In order to achieve the above object, in a first aspect, the embodiments of the present disclosure provide a charging control guidance method, where the method is applied to a power supply control device, where the power supply control device 100 is disposed in a power supply apparatus;

the power supply control device 100 comprises a first MOS transistor Q1, wherein a gate of the first MOS transistor Q1 is connected to a first PWM control terminal of the power supply control device 100, a drain of the first MOS transistor Q1 is connected to a first detection terminal of the power supply control device 100, and a source of the first MOS transistor Q1 is grounded;

the first detection end is used for being connected with a second detection end of the charging control device 200 through a charging interface;

the method comprises the following steps:

controlling the first PWM control end to output a first PWM signal so that the voltage of the first detection end is 0V;

when it is determined that the voltage of the first detection terminal is consistent with a preset voltage, controlling the first PWM control terminal to output a second PWM signal, where the preset voltage is an output terminal voltage of a power module on the charging control apparatus 200, and a duty ratio of the second PWM signal is different from a duty ratio of the first PWM signal;

and controlling a power supply loop switch of the power supply equipment to be closed when the voltage change rule of the first detection end voltage is determined to accord with a preset change rule.
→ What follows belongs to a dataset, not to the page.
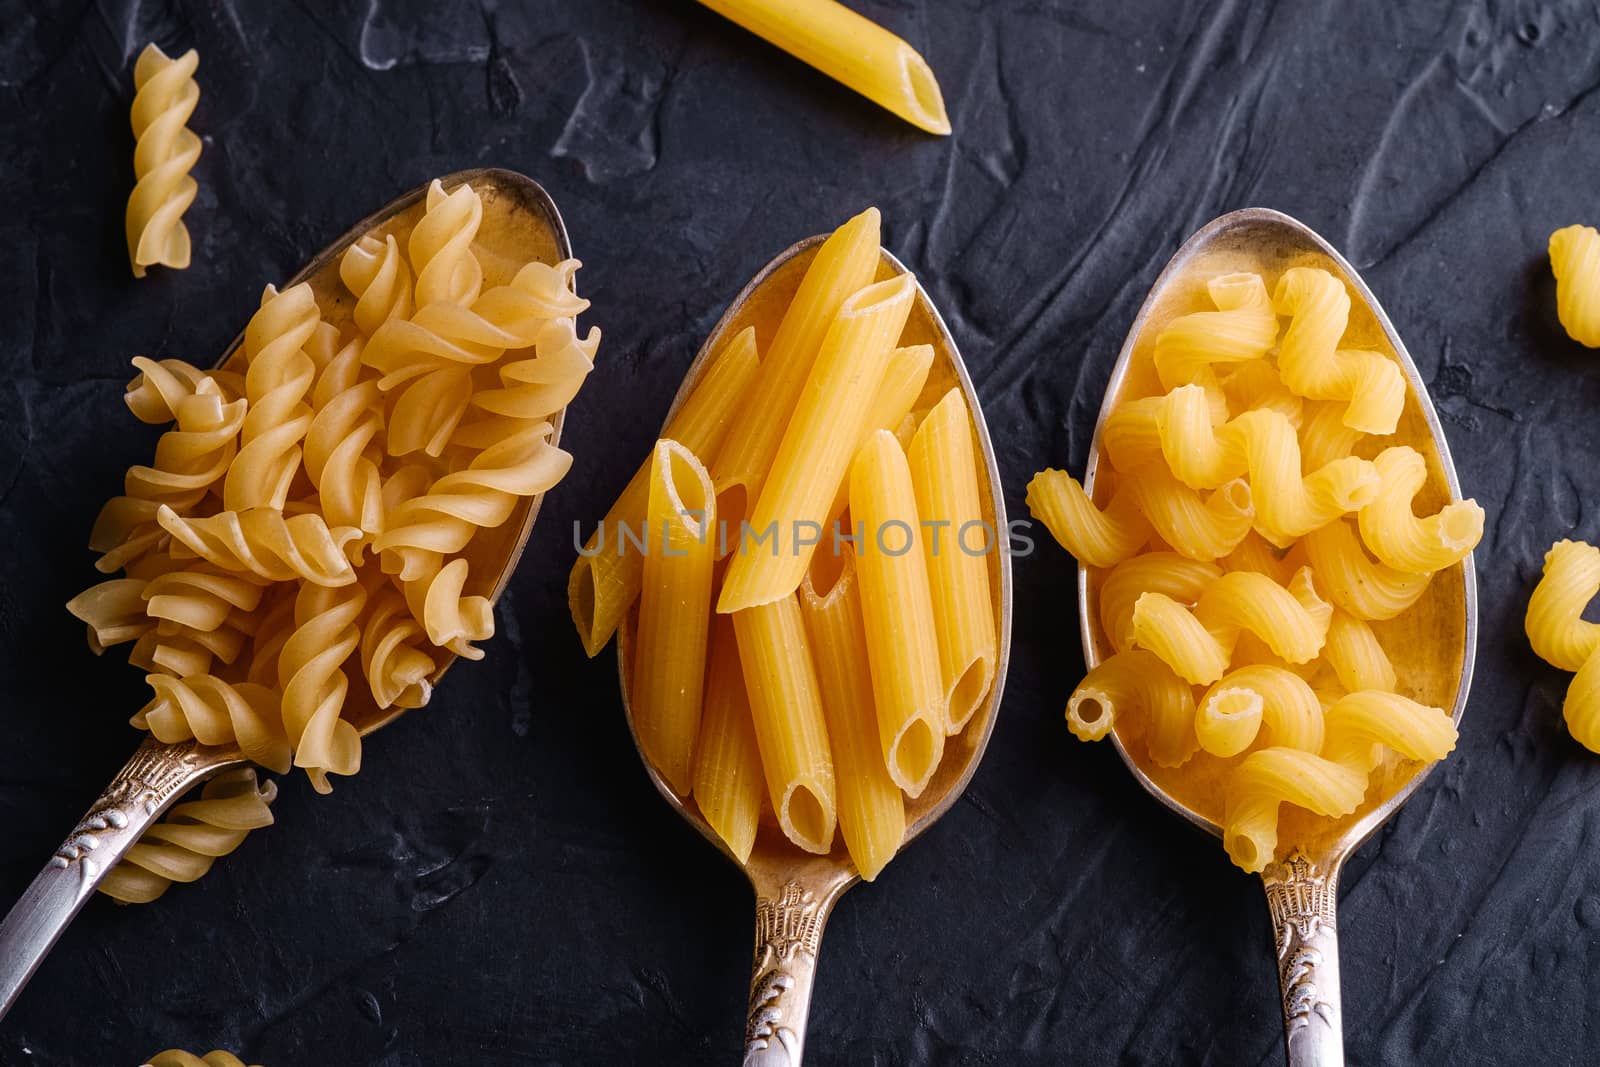 Three cutlery spoons with variety of uncooked golden wheat pasta on dark black textured background, top view macro

Optionally, the power supply control device 100 stores a corresponding relationship between a duty ratio and a power supply current, and the controlling the first PWM control end to output the second PWM signal includes:

determining the duty ratio of the second PWM signal according to the power supply current provided by the power supply equipment and the corresponding relation between the duty ratio and the power supply current;

and controlling the first PWM control terminal to output the second PWM signal according to the duty ratio.

Alternatively, the method is applied to a charge control device 200, and the charge control device 200 is provided on a vehicle;

the charging control device 200 comprises a second MOS transistor Q2 and a power module 210, wherein a gate of the second MOS transistor Q2 is connected to the second PWM control terminal of the charging control device 200, a drain of the second MOS transistor Q2 is connected to the second detection terminal of the charging control device 200 and the output terminal of the power module 210, and a source of the second MOS transistor Q2 is grounded;

the second detection end is used for being connected with the first detection end of the power supply control device 100 through the charging interface;

the method comprises the following steps:

judging whether the first detection end and the second detection end are in short circuit or not according to the voltage of the second detection end;

judging whether the current state of the vehicle meets a preset charging condition or not;

and when the first detection end is in short circuit with the second detection end and the current state of the vehicle meets a preset charging condition, controlling the second PWM control end to output a third PWM signal so as to enable the voltage of the second detection end to change according to a preset voltage change rule.

Optionally, the charging control apparatus 200 stores a corresponding relationship between a duty ratio and a supply current, and before the controlling the second PWM control terminal to output the third PWM signal, the method further includes:

determining the duty ratio of an output signal of a first PWM control terminal of the power supply control device 100 according to the voltage of the second detection terminal;

and determining the supply current provided by the power supply equipment according to the duty ratio of the output signal of the first PWM control end and the corresponding relation between the duty ratio and the supply current.

Optionally, the method further includes:

and when the vehicle-mounted charger detects that the power supply equipment charges the vehicle, controlling the second PWM control terminal to stop outputting the third PWM signal.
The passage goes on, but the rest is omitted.